Prompt: Copy every line of the data exactly, keeping out any picture.
+++ Raw data +++
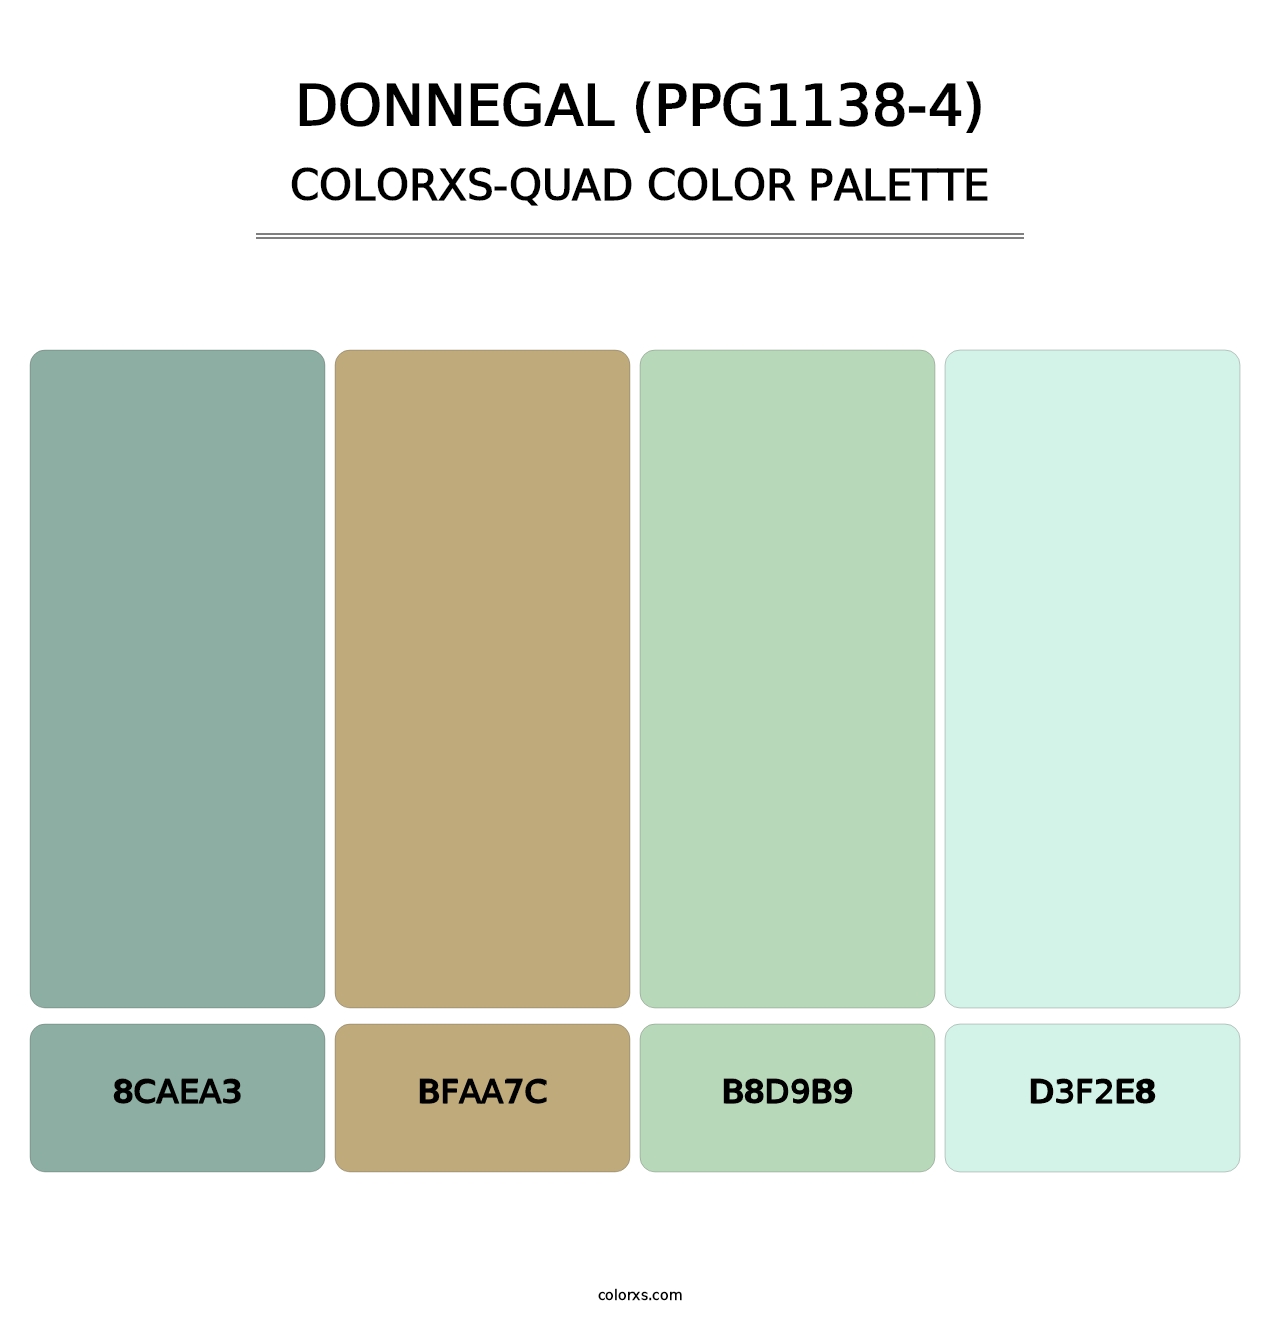 Donnegal (PPG1138-4) - Colorxs Quad Palette
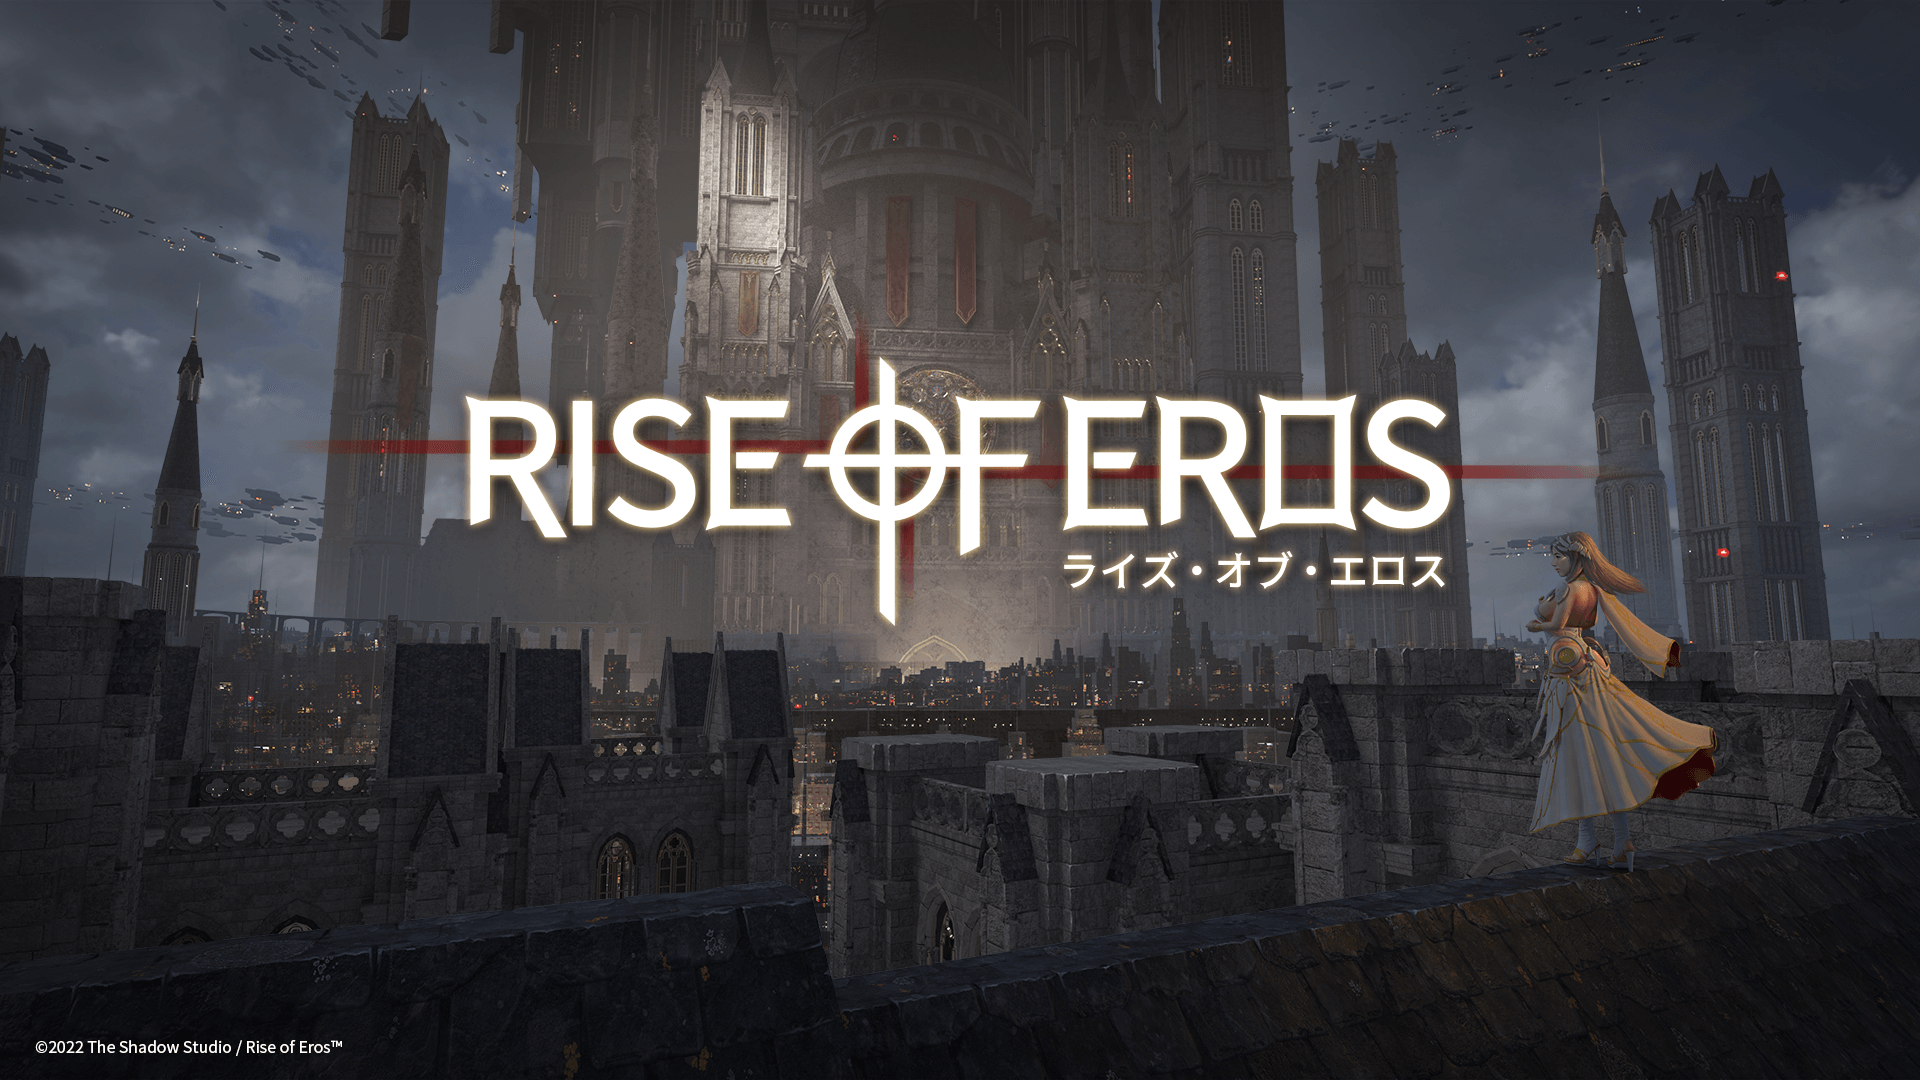 《Rise of Eros ライズ・オブ・エロス》3D神話アドベンチャー  想像を超えた華麗なる視覚体験を堪能せよ
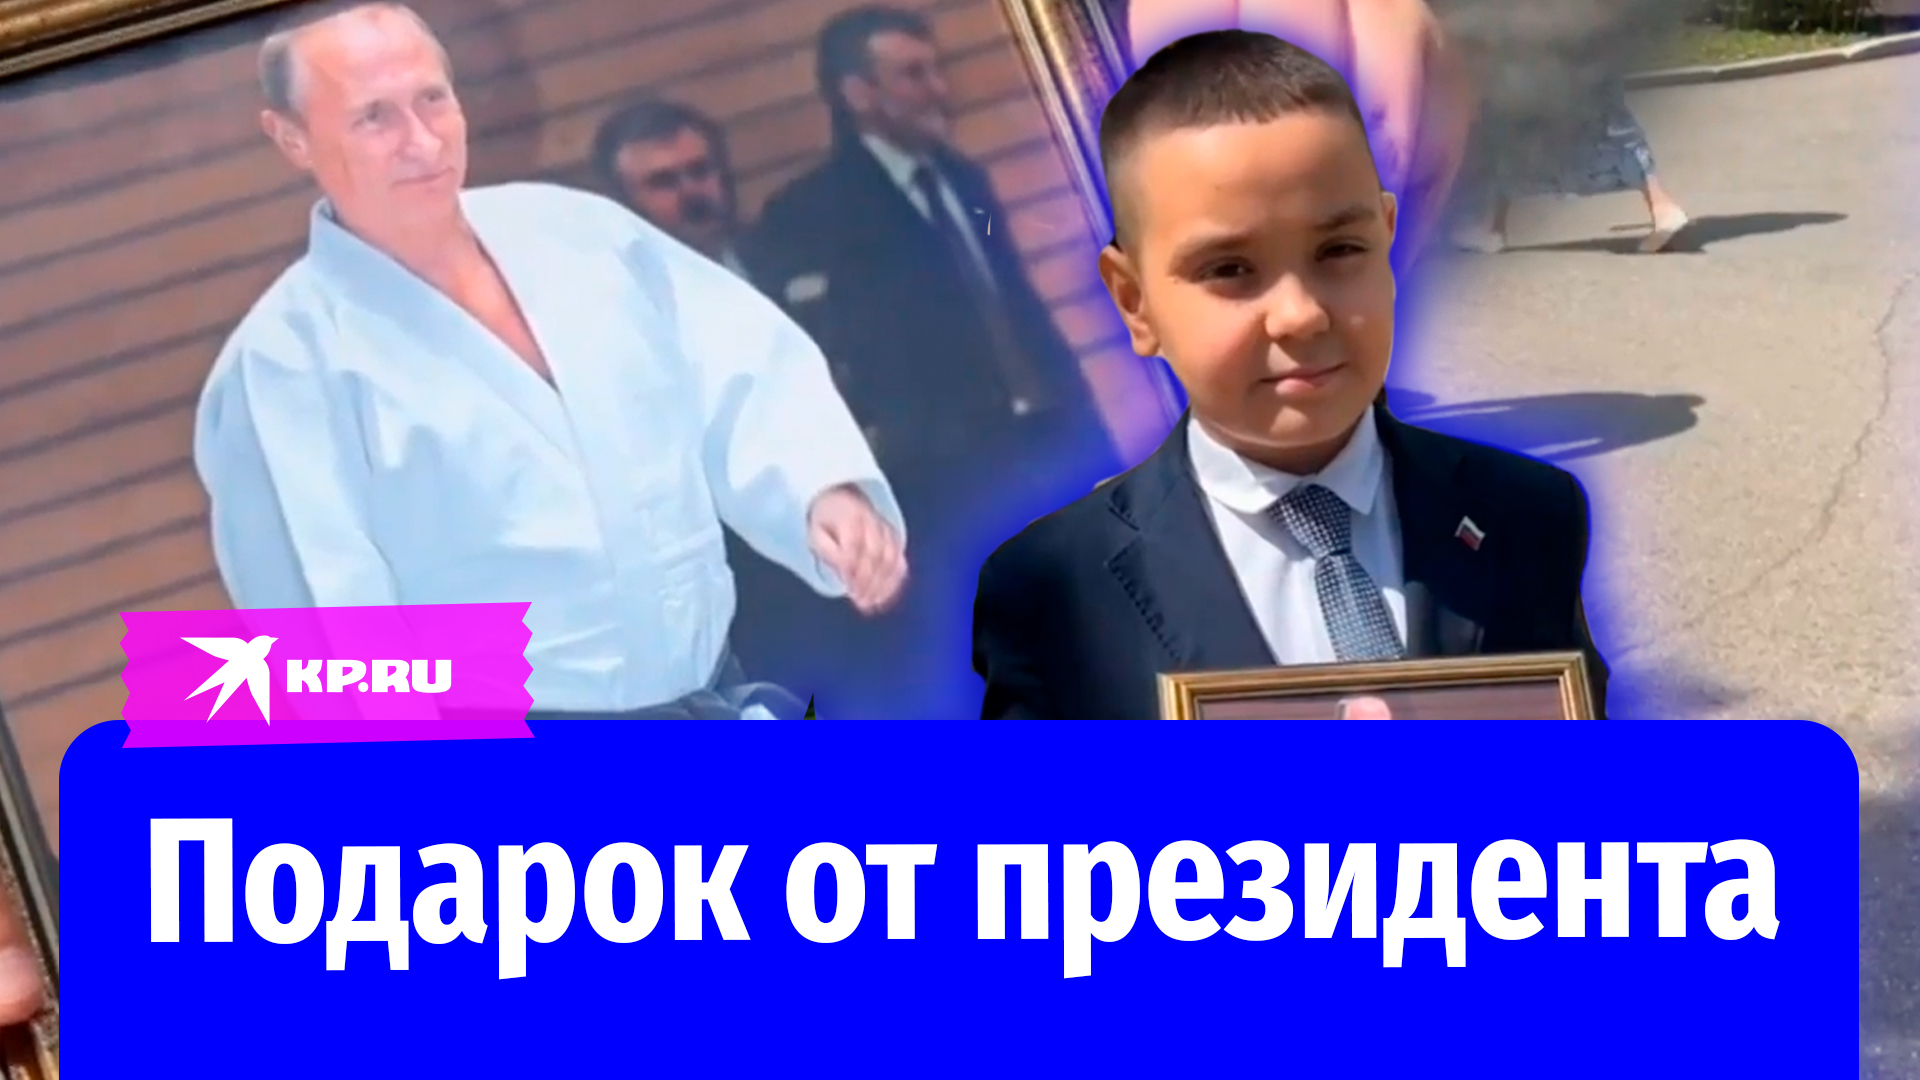 Школьнику из Уфы передали подарок от президента – портрет Путина с автографом
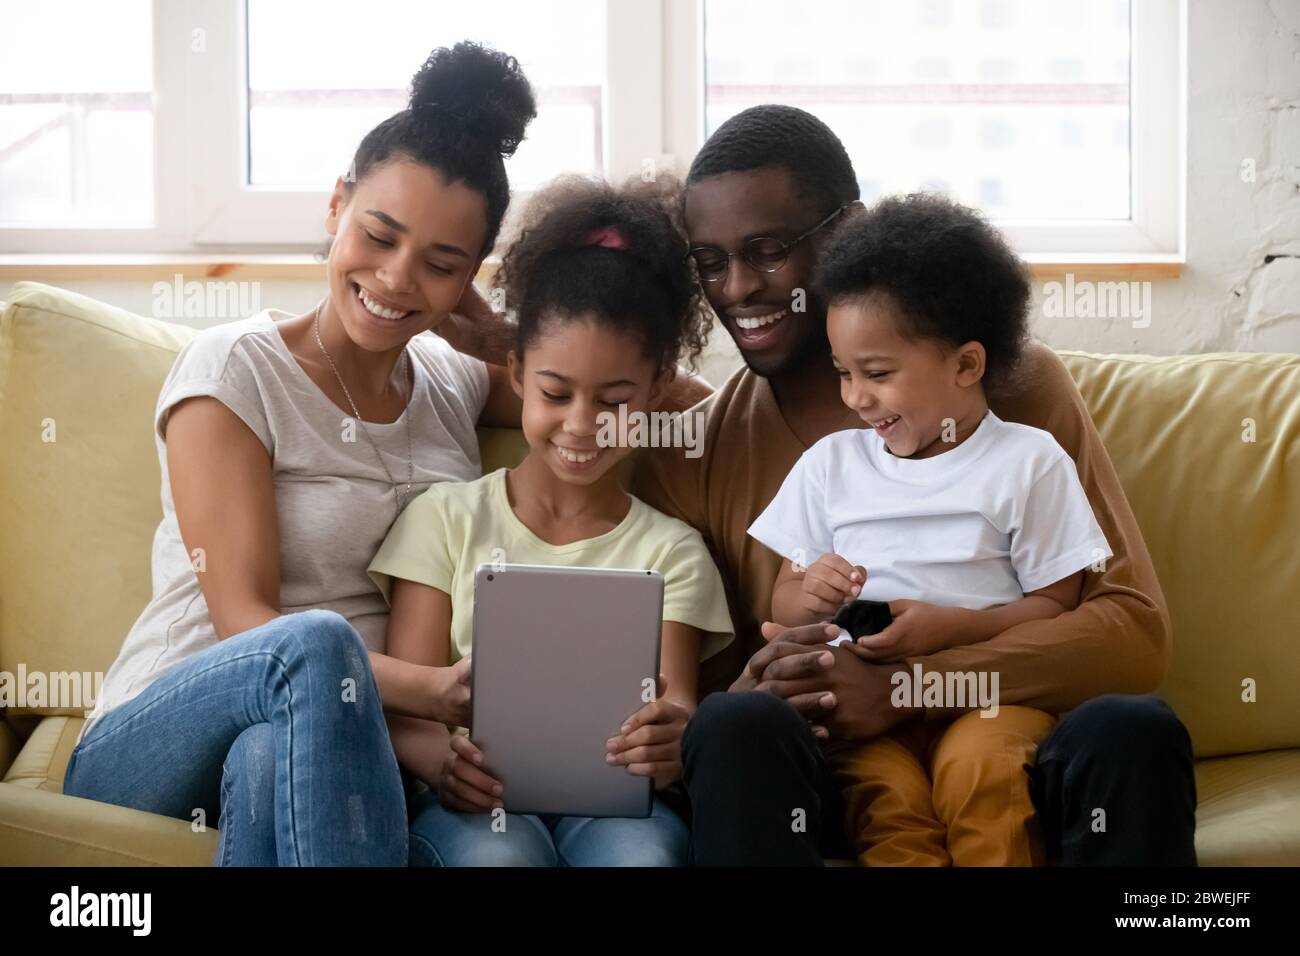 La famiglia africana con i bambini passa del tempo libero utilizzando il dispositivo tablet Foto Stock
+++
Answer to this problem:
 Donnegal (PPG1138-4) - Colorxs Quad Palette
 《Rise of Eros ライズ・オブ・エロス》3D神話アドベンチャー  想像を超えた華麗なる視覚体験を堪能せよ
 Школьнику из Уфы передали подарок от президента – портрет Путина с автографом
 La famiglia africana con i bambini passa del tempo libero utilizzando il dispositivo tablet Foto Stock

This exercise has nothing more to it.